Developing with shelf_letsencrypt

ACME certificate authorities use challenges to prove that you control the domain before they issue a certificate. shelf_letsencrypt supports two challenge mechanisms, and the right choice changes what your development environment needs to expose.

A word of caution

Let's Encrypt rate-limits the issuing of production certificates. It is very easy to get locked out of Let's Encrypt for an extended period of time (days), leaving you in the situation where you can't issue a production certificate.

CRITICAL: you could end up with your production systems down for days!!!!

I would advise you to read up on the Let's Encrypt rate limits:

https://letsencrypt.org/docs/rate-limits/

To avoid this potentially major issue, make certain that you test with a STAGING certificate.

Do this by passing in 'production: false' (the default) when creating the LetsEncrypt certificate. Staging certificates still have rate limits, but they are much more generous.

final LetsEncrypt letsEncrypt = LetsEncrypt(certificatesHandler, production: false);

Challenge mechanisms

dns-persist-01 (recommended where supported)

dns-persist-01 proves control of the domain with a stable delegated DNS TXT record rather than an inbound HTTP request. Use it when your ACME CA supports the challenge and you can publish the required TXT record.

Development implications:

  • Your development server does not need to be reachable from the public internet for certificate issuance.
  • NAT and inbound port forwarding are not required for the ACME challenge.
  • You need control of the domain's DNS, or a delegated validation name, so the TXT record can be published.
  • DNS publication can be automated with dnsPersistChallengePublisher, or you can use prepareDnsPersistCertificateRequest(...) for a manual operator flow.
  • The issued certificate is still for the requested domain, so your application DNS and routing still need to make sense for however you plan to serve the app after the certificate is issued.

This mode is the better fit for most development environments because the laptop or workstation can stay private. It also avoids coupling certificate issuance to home-router NAT, public Wi-Fi, or temporary firewall rules.

Note: Let's Encrypt announced DNS-PERSIST-01 support as a rollout item in February 2026. Pebble support is available, but Let's Encrypt production support depends on their rollout and the evolving IETF draft.
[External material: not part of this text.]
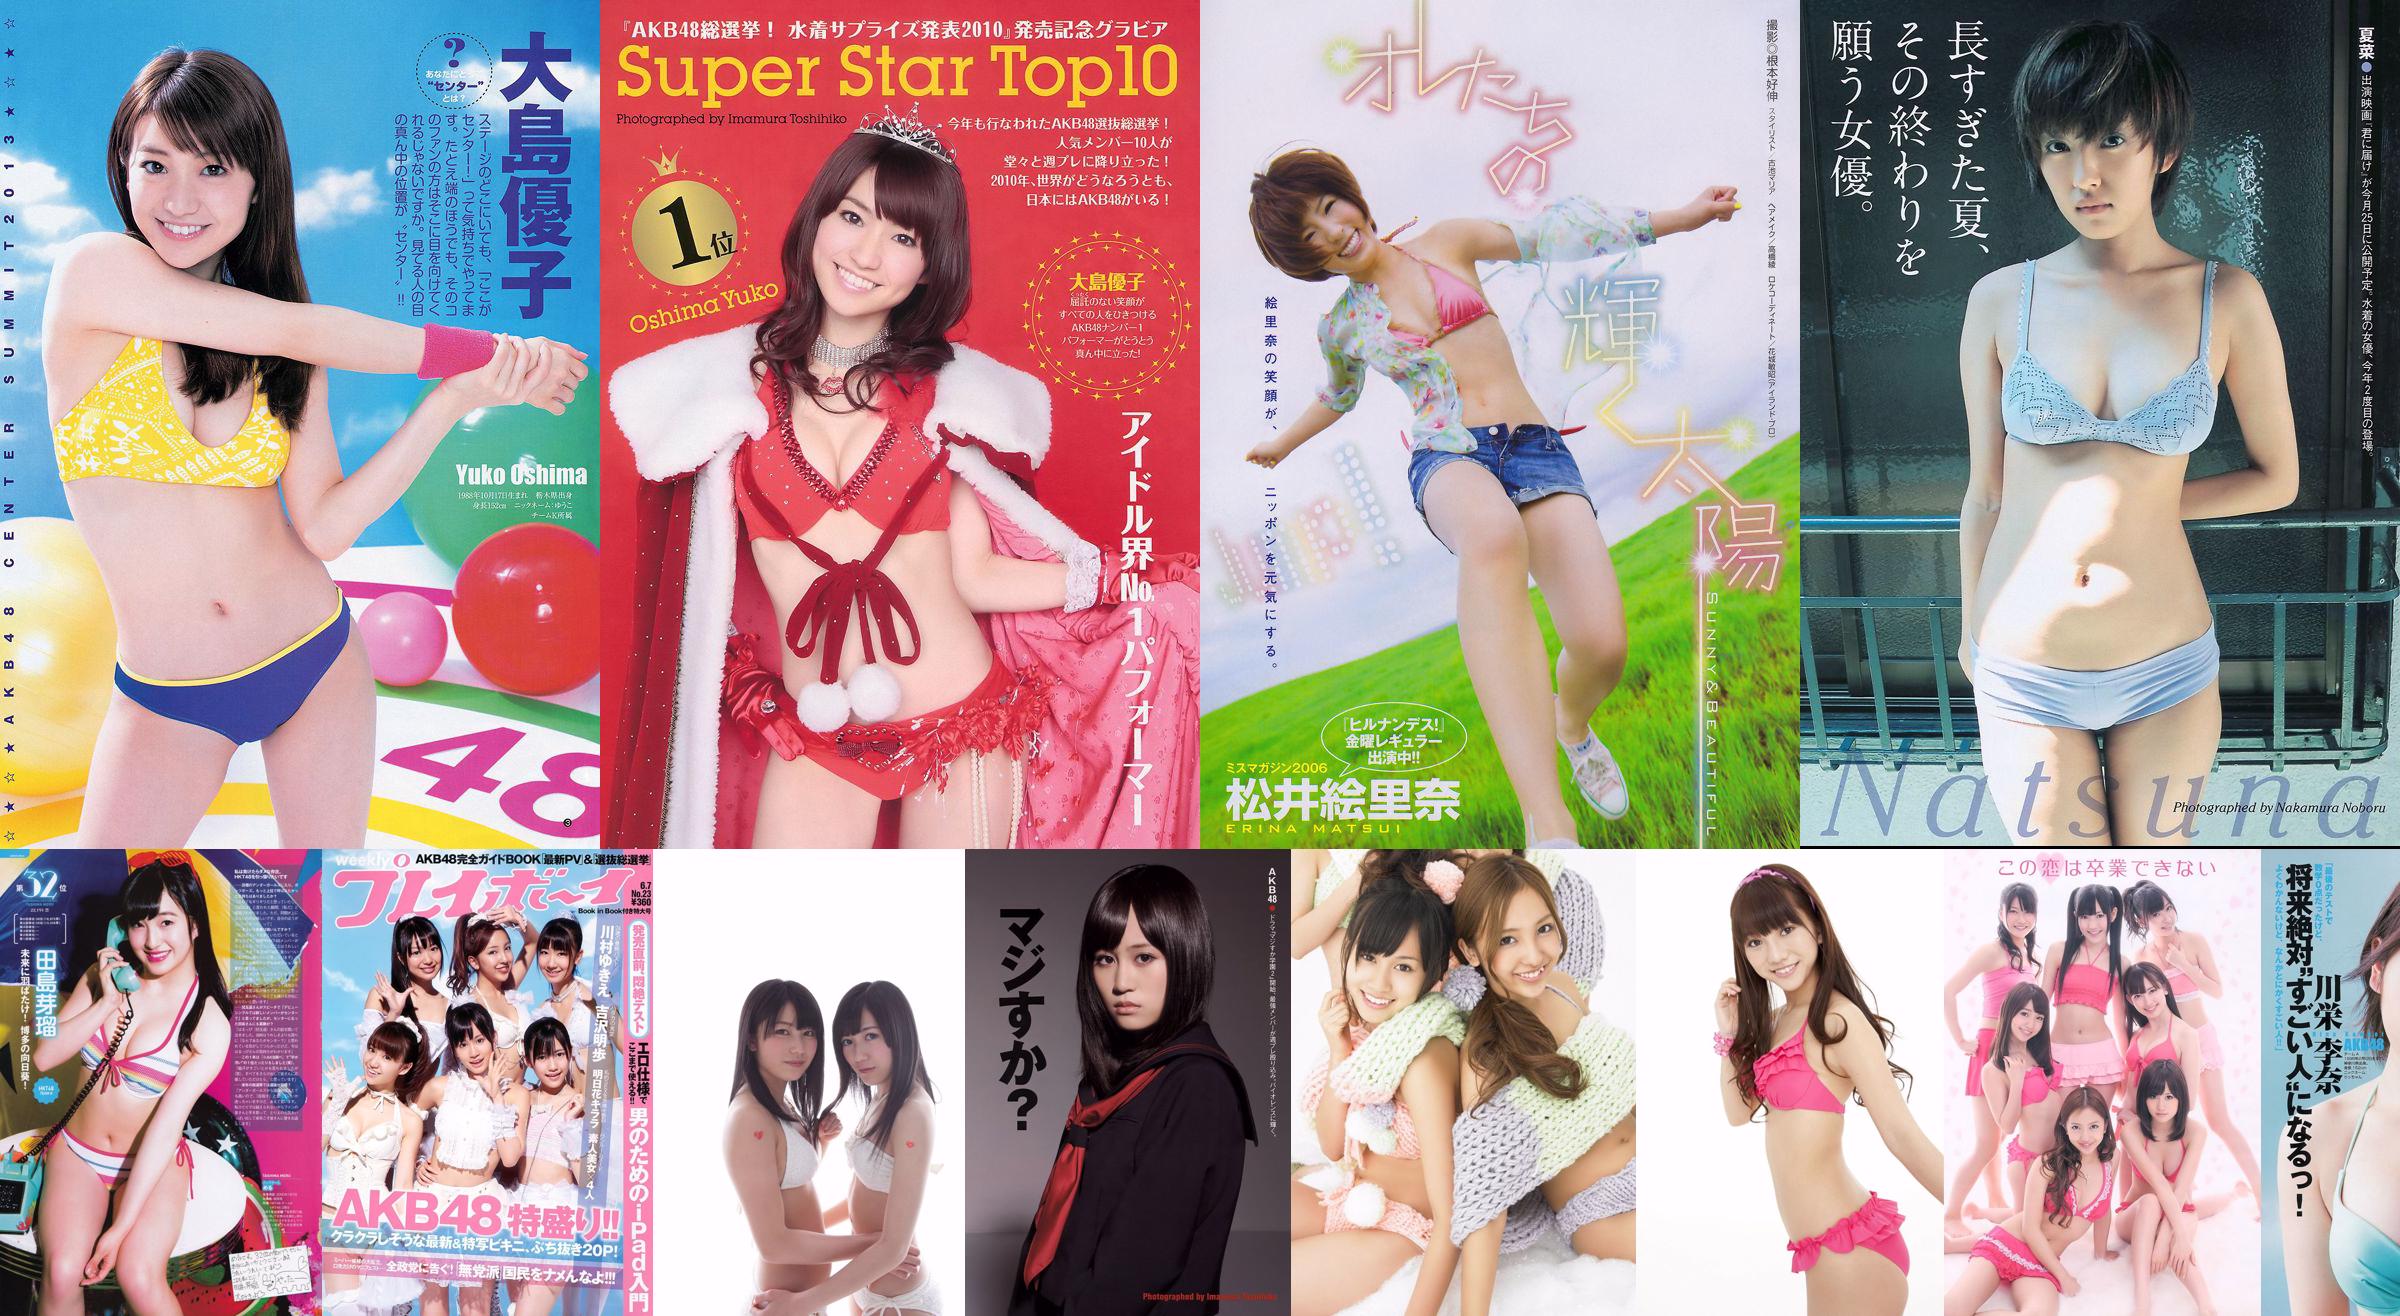 AKB48 Komatsu Mizuki [Tygodnik ヤ ン グ ジ ャ ン プ] Nr 48 Magazyn fotograficzny w 2011 r. No.e68b4c Strona 1

Check the linked Let's Encrypt status resources before using this challenge against production.

http-01 (fallback/default)

http-01 is the default challenge type. The ACME server validates the request by fetching a token from:

http://<domain>/.well-known/acme-challenge/<token>

Development implications:

  • The domain's public DNS must resolve to the machine, router, or load balancer that can reach your development server.
  • Port 80 must be reachable from the public internet. If your app listens on a high port such as 8080, your router or firewall needs to forward public port 80 to that local port.
  • On Linux, binding directly to ports below 1024 usually requires root privileges, sudo, or a capability such as CAP_NET_BIND_SERVICE.
  • This mode is convenient when your development machine is deliberately exposed to the internet, but it is awkward behind carrier-grade NAT, restrictive firewalls, or networks where inbound port forwarding is unavailable.

For local testing with http-01, I normally use a cheap test domain and point its A record at my development router. The router then forwards port 80 to the local server port used by the example app.

Multi-Domain Support

Starting with shelf_letsencrypt: 2.0.0, support for multiple domains on the same HTTPS port has been introduced. This enhancement allows shelf_letsencrypt to manage certificate requests and automatically serve multiple domains seamlessly.

This functionality is powered by the multi_domain_secure_server package (developed by gmpassos), specifically created for shelf_letsencrypt. It enables a SecureServerSocket to handle different SecurityContext instances (certificates) on the same listening port. For more details, check out the source code on GitHub.

Usage

Choose the challenge mechanism first, then wire LetsEncrypt for that flow. Use production: false while testing so certificate requests go to the staging ACME endpoint.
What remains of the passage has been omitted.